How many people can be like Job where God took so many things away from him . Yes he was restored with multiple folds in the end but how can my parents ever be replaced? It’s not the same. My new flat came unexpectedly early but at what timing when my mum just passed away recently, at one point, I thought I might not survive the huge load of juggling work, renovation and being a caregiver to dad. Amazingly I survived that crazy season with no major damage. I am thankful that I didn’t suffer a  mental meltdown.  In the meantime, I continue to pray that my family will came to know you as a God of breakthrough( in their health and mindset), goodness and mercy on their days on earth. I do not know how long I can walk this walk of faith till the end of time as the burden seems to be getting heavier. 

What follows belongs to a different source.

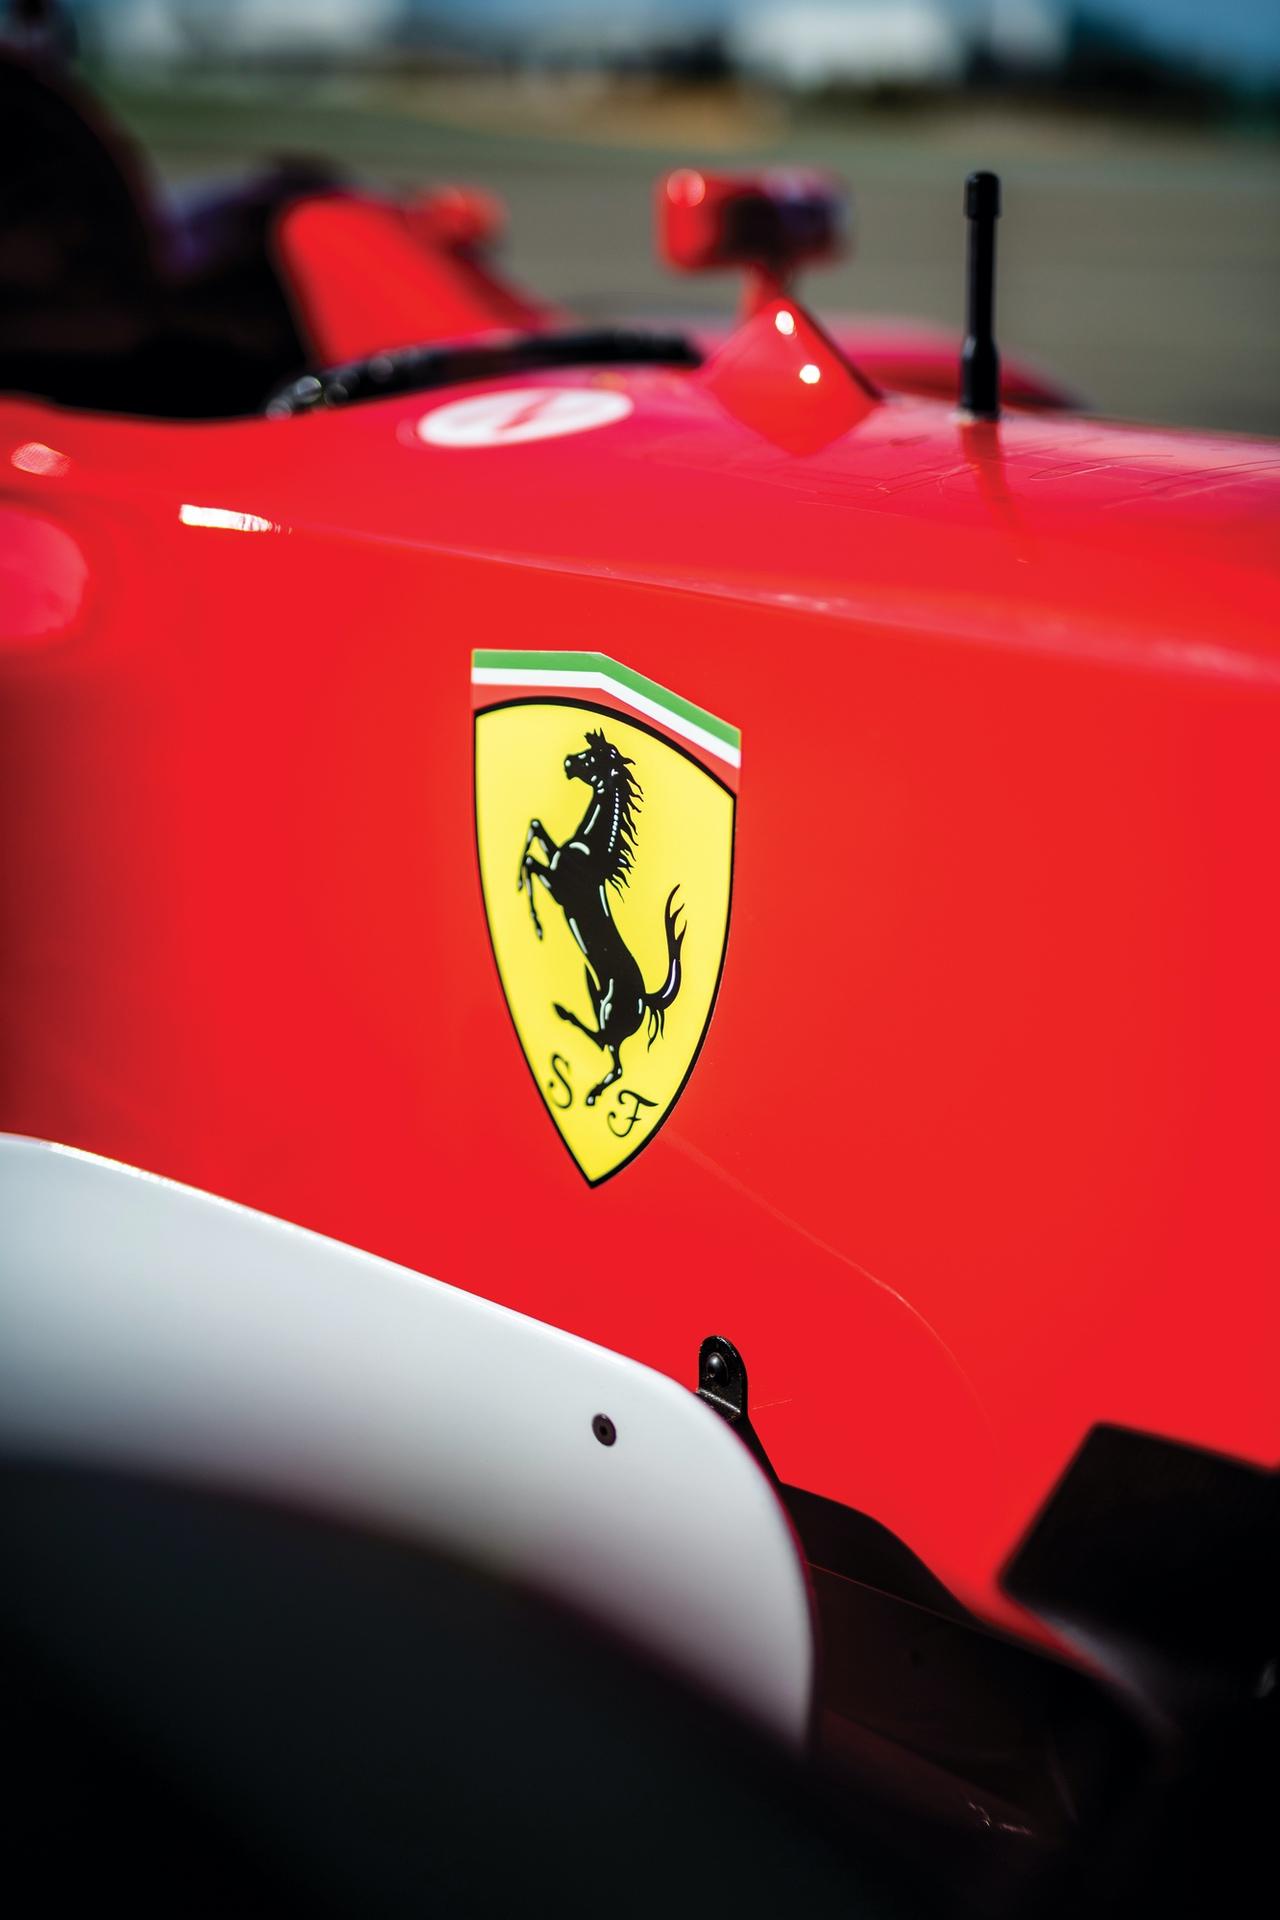 Mick_Schumacher_Ferrari_F2002_0038

I do not know whether I can survive the blow should dad be taken away too ( as I’m closer to him) but I prayed and begged that he will have a different outcome from mum…  there is only one possibility: since God is unchangeable, then he has to change my mind and let me see willingly the ‘good’ there is if dad’s outcome is unfortunately the same as mum. I also hope that my counsellor’s advice on how to make the grief for terminally ill patients and their caregivers easier by preparing for it.  Yes, I believe that you are a God of miracles but I’ve doubts about whether you will do it for dad or  not?

Yes, I think my faith requires a miracle this time, Lord!